В известной мне истории так и случилось. Присоединение Грузии довольно быстро привело к серии войн с Турцией и Персией, а также к войне за покорение Кавказа, оказавшейся одной из самых продолжительных в истории России — с 1817- го до 1864 –го года.
Такие жертвы для наших политических целей все эти жертвы были совершенно не нужны. Торговые пути пролегали по Волге и Каспийскому морю; важные нефтяные источники находились на сравнительно небольшом по площади Апшеронском полуострове, связь с которым опять же можно было поддерживать через акваторию Каспийского моря.
Поэтому мои планы в отношении Грузии были просты: сохранив ее независимость, привести там к власти более-менее дееспособное правительство. И первым кандидатом тут был Пётр Багратион.
Пётр Иванович в это время состоял комендантом города Прейсиш-Эйлау. Воспользовавшись случаем, я тут же пригласил его для предварительного разговора.
Генерал явился на следующий день; я принял его в Королевском замке — мощнейшем и очень «готическом» укреплении, насколько я помню, не пережившем Вторую Мировую войну.
Поздоровавшись за руку, как я это делал с самыми доверенными людьми, я окинул взглядом лицо Багратиона. Горбоносый, очень некрасивый, генерал, однако, имел очень мужественный тип внешности, придававший ему своеобразную привлекательность; живые кавказские глаза смотрели смело и ясно, выдавая в их владельце человека, «сделавшего себя самостоятельно» и твёрдо стоящего на ногах. Да, несмотря на княжеский титул и царскую кровь, Петру Ивановичу пришлось в жизни нелегко! Ветвь «русских» Багратионов, тридцать лет назад перешедших на русскую службу, не имела особого авторитета в Картли-Кахетии, где многие считали их самозванцами. Пётр Багратион, яркий её представитель, с младых ногтей тянул солдатскую службу, поднимаясь с самых низов — громкое имя, увы, совершенно не способствовало его карьере. не получил, к несчастью, образования, а потому не имел той глубины стратегического мышления, которое, например, отличало генерала Бонапарта.
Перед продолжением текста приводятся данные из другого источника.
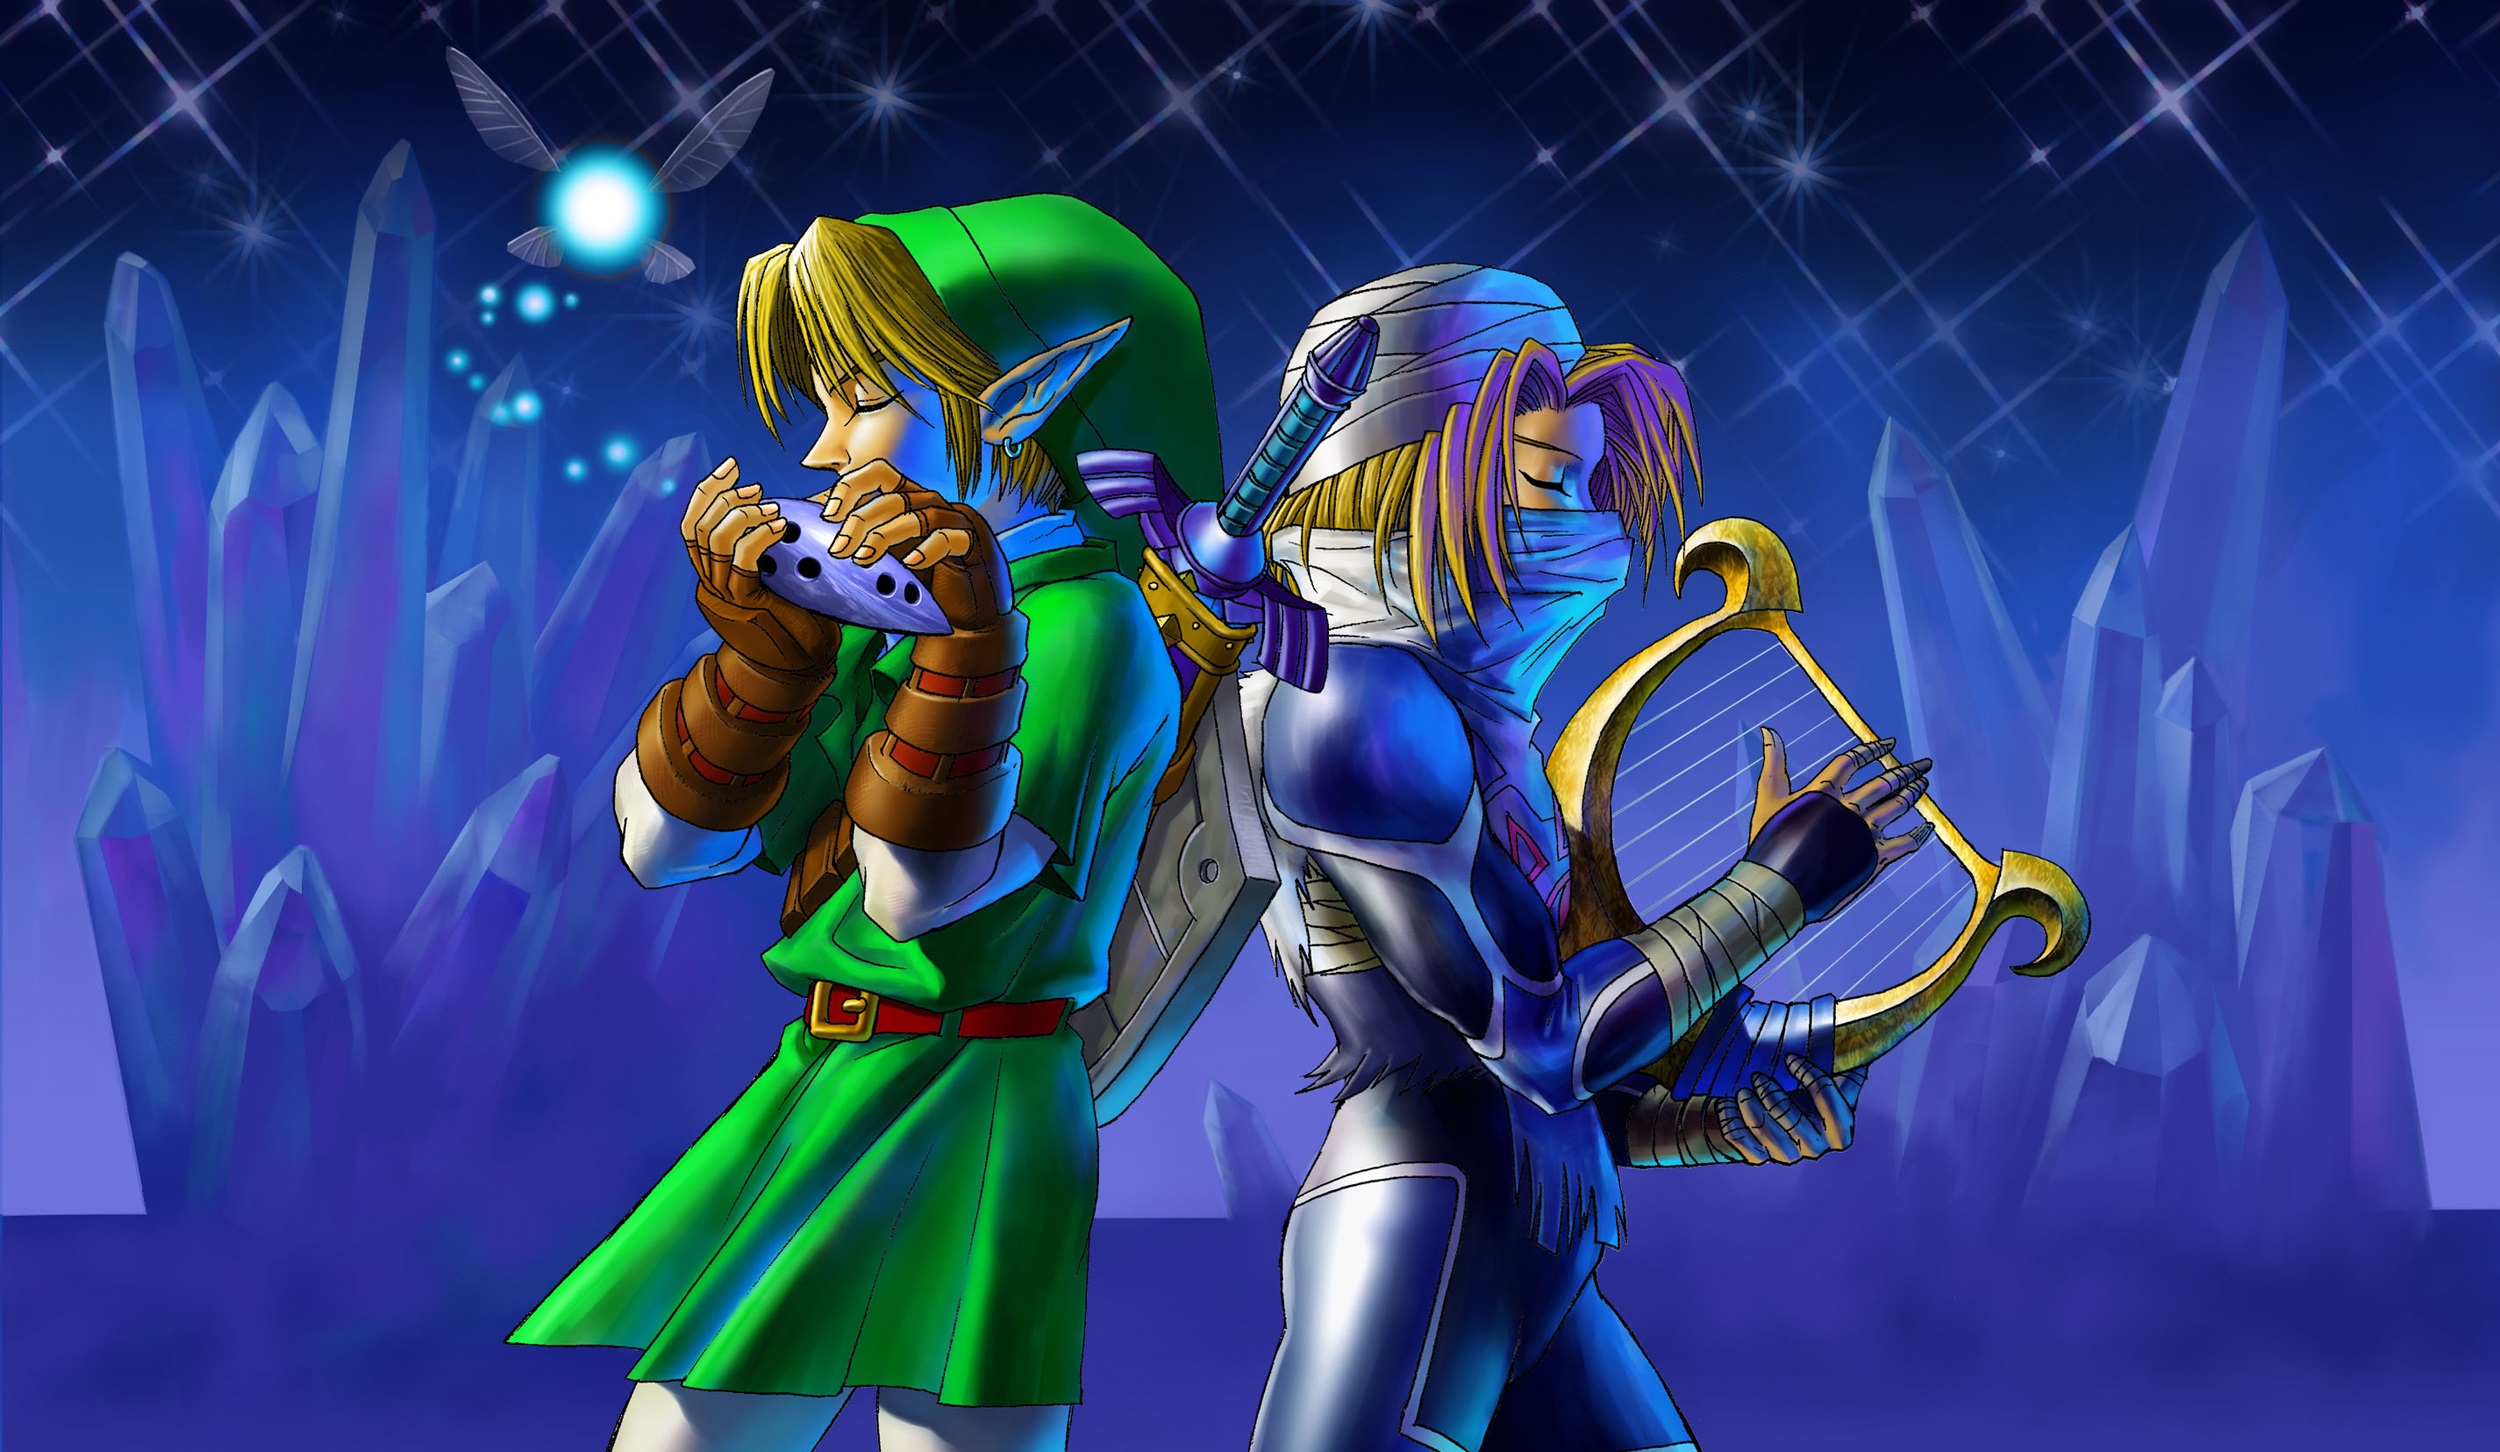 Legend of Zelda, The: Ocarina of Time (Nintendo 64) · RetroAchievements

Тем не менее, это был один из лучших генералов русской армии: горячий на совещаниях и в советах, на поле боя отличавшийся редкостным хладнокровием и трезвым взглядом на события, князь Пётр Иванович, несмотря на очень молодой возраст, уже успел прославиться своим изумительным мужеством и хладнокровием, высоким бескорыстием и благородством, решительностью и активной деятельностью.
Характерно, что «путёвку в жизнь» князю выдал когда-то ни кто иной, как неугомонный Потёмкин. Как-то раз Анна Голицына, урожденная княжна Багратион, на обеде у светлейшего князя попросила принять ее молодого племянника под свое покровительство. Потёмкин тотчас же отправил за ним гонца; но, к несчастью, юноша прибыл в город совсем недавно и еще не успел обзавестись пристойной одеждой. Багратиона спас дворецкий княгини Голицыной, одолживший ему собственное платье. В итоге перед «великолепным князем Тавриды» Багратион предстал в кафтане с чужого плеча. Коротко переговорив с ним, Потемкин определил нескладного юношу в мушкетеры, навсегда определив его будущее.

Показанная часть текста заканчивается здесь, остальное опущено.